И лапы судорожно бились по полу, шерсть горела, а его глаза только сильней вбивали в голову приказ: «Перекидывайся».

Лучше этого не видеть! За что он так со мной? За что?!

Рысь в последний раз взвизгнула и исчезла.

А меня обступил туман. Тупой туман без мыслей, без слов. Комната как на рисунке, те же вещи, но словно их и нет, только пятна краски на бумаге.

Гордей.

Наклонился надо мной. Он – и словно не он, а его старший брат, проживший в два раза дольше.

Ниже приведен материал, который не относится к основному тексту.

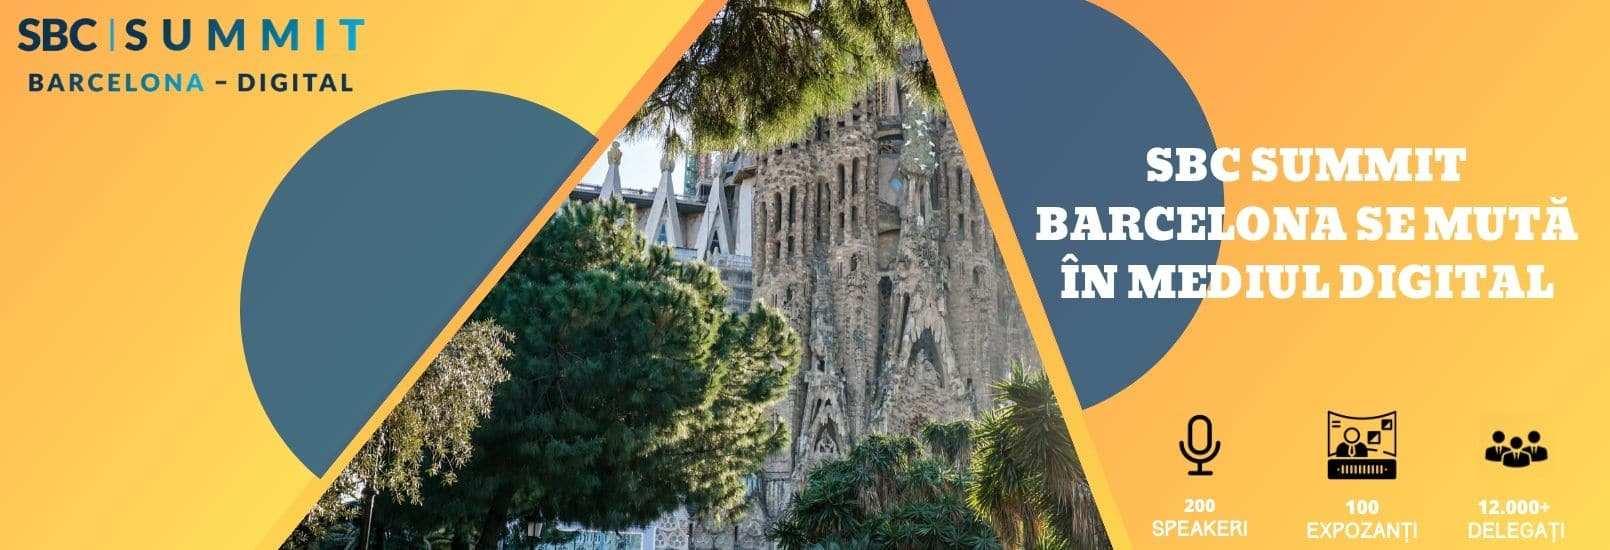 sbc barcelona 2020 summit

Одни только глаза нипочём не спутать.

- Гордей…

Он сглотнул. На его лбу выступили капли пота, он качался как умалишённый и улыбался своей улыбочкой, которая говорила: «Никуда ты от меня не денешься»!

- Жгучка.

Хотелось что-то спросить… много спросить? Но ничего в голову не приходило Она была пустой. К чему вопросы, когда его глаза такие чёрные, и тянут к себе, и зовут за собой в места, где ты будешь счастлив? Где ты станешь един с миром и со своей парой.

Он покачнулся, его рука соскользнула с меня.

А я… голая? Покрыта какой-то белесой слизью, словно только родилась. Кажется, даже кое-где прилипшей мокрой шерстью.

- Пришёл за мной?

- Пришёл.

Горло словно сухой паклей забито.

- А говорил, не быть нам счастливыми. Говорил ведь?

Он прижимает в моей щеке ладонь, обхватывает за плечи, придавливая к своей груди.

Не постучавшись, в комнату кто-то вбегает, и оторваться от Гордея, чтобы посмотреть, кто, невероятно сложно.

Это Всеволод, который накрывает меня чем-то мягким.

- Горячую воду сейчас дадут.

- Всеволод?..

- Жгучка, ты вернулась?

Разве я пропадала? Я была здесь уже… уже не помню сколько. Хотелось многое узнать, но главней всего одно-единственное:

- Малинка…

Сил не хватает даже несколько слов произнести. Но он понял.

- Всё в порядке с ней, она в Гнеше, в безопасности. Ей там хорошо, много подружек нашлось, о ней заботятся… в общем, о сестре не волнуйся.

Да и правда, раз всё хорошо, куда важней тогда снова смотреть на него. Как Гордей изменился! Глаза словно больные стали, от былой усмешки только слабая тень.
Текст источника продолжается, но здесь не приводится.